Lecture 45: CV Development, Congenital Heart Disease Flashcards
What are the critical events in cardiac development?
- Initial formation of straight heart tube with evolution into dual parallel circulations and a 4 chambered heart
- Formation of a brached vasculature and pump that is a low pressure circuit in utero but at birth has a requirement for high P systemic circulation to be separated from low P pulmonary circulation
- The heart must function before morphogenesis is complete
What are the steps of cardiac morphogenesis?
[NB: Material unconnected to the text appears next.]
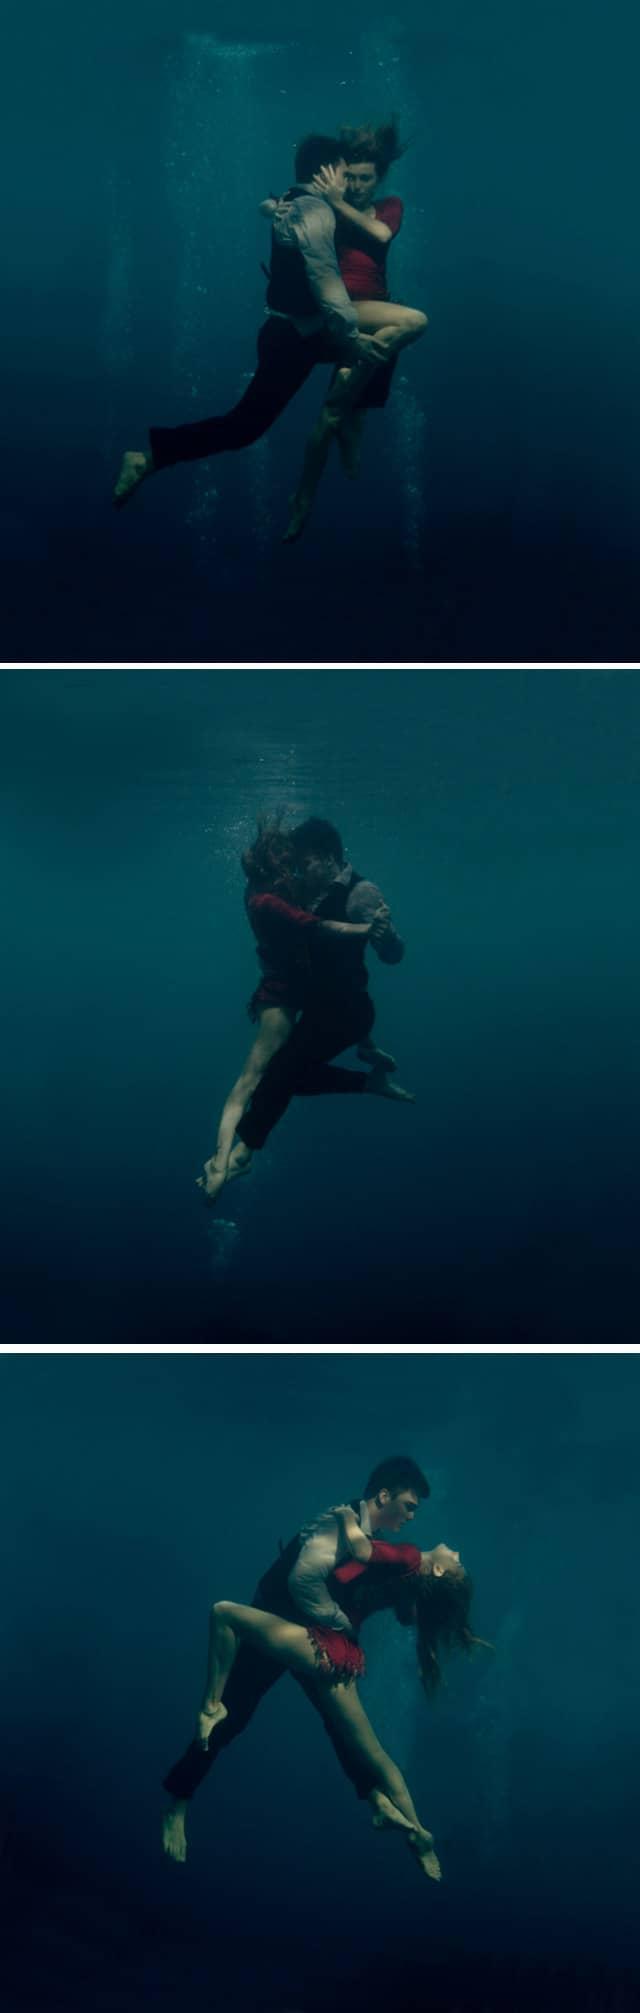 Fotógrafa retrata casal apaixonado dançando Tango debaixo d'água 3

- myocardial specification and formation of linear heart tube
- looping
- septation
- patterning of the great vessels
- circulatory changes at birth
What is the cardiac crescent?
An epithelial layer of cardiac progenitor cells
Progenitors for myocardium, pericardium, endocardium
Located at the anterior rim of the embryonic disc
As the embryo grows, the developing heart assumes a position ventral to forebrain and foregut
How do the tubes of the heart first start forming?
Forms as two tubes
Heart progenitors migrate ventrally and medially to form a linear heart tube
What happens once the linear heart tube is formed?
Heart begins to beat -intrinsic pacemaker activity Blood flow commences -single circulation in series caudal to rostral Chamber specification
What is the secondary heart field?
Large parts of the RV and OT derive from a secondary field of cardiac precursors
Cells migrate into the outflow Tract and differentiate into muscle
A new formulation of secondary heart field disorders is in evolution
What are the potential types of secondary heart field defects?
Hypoplastic right heart Some forms of DORV DiGeorge Syndrome Ebstein’s anaomaly Abnormality in Wnt signaling and association with LiCl
What is the significance of Islet1 gene?
11-18% of secondary heart field CHD can be traced back to ISL1 mutations
So screening of ISL1 may be appropriate for families with SHF-CHD
What is looping?
Linear heart tube bends to the right and anteriorly
Direction driven by regional differences in myocardial growth rate
Beginning of septation
-endocardial cushions (OFT and AV canal)
-interventricular septum
Myocardial trabeculation
Ventricle shifts left as bulbus cordis enlarges
Significance: first sign of asymmetry of heart
What are the effects of cardiac looping?
Atria assumes more rostral and posterior orientation
Aortic root and bulbis cordis is still pointed upwards (bulbis cordis is the yellow guy)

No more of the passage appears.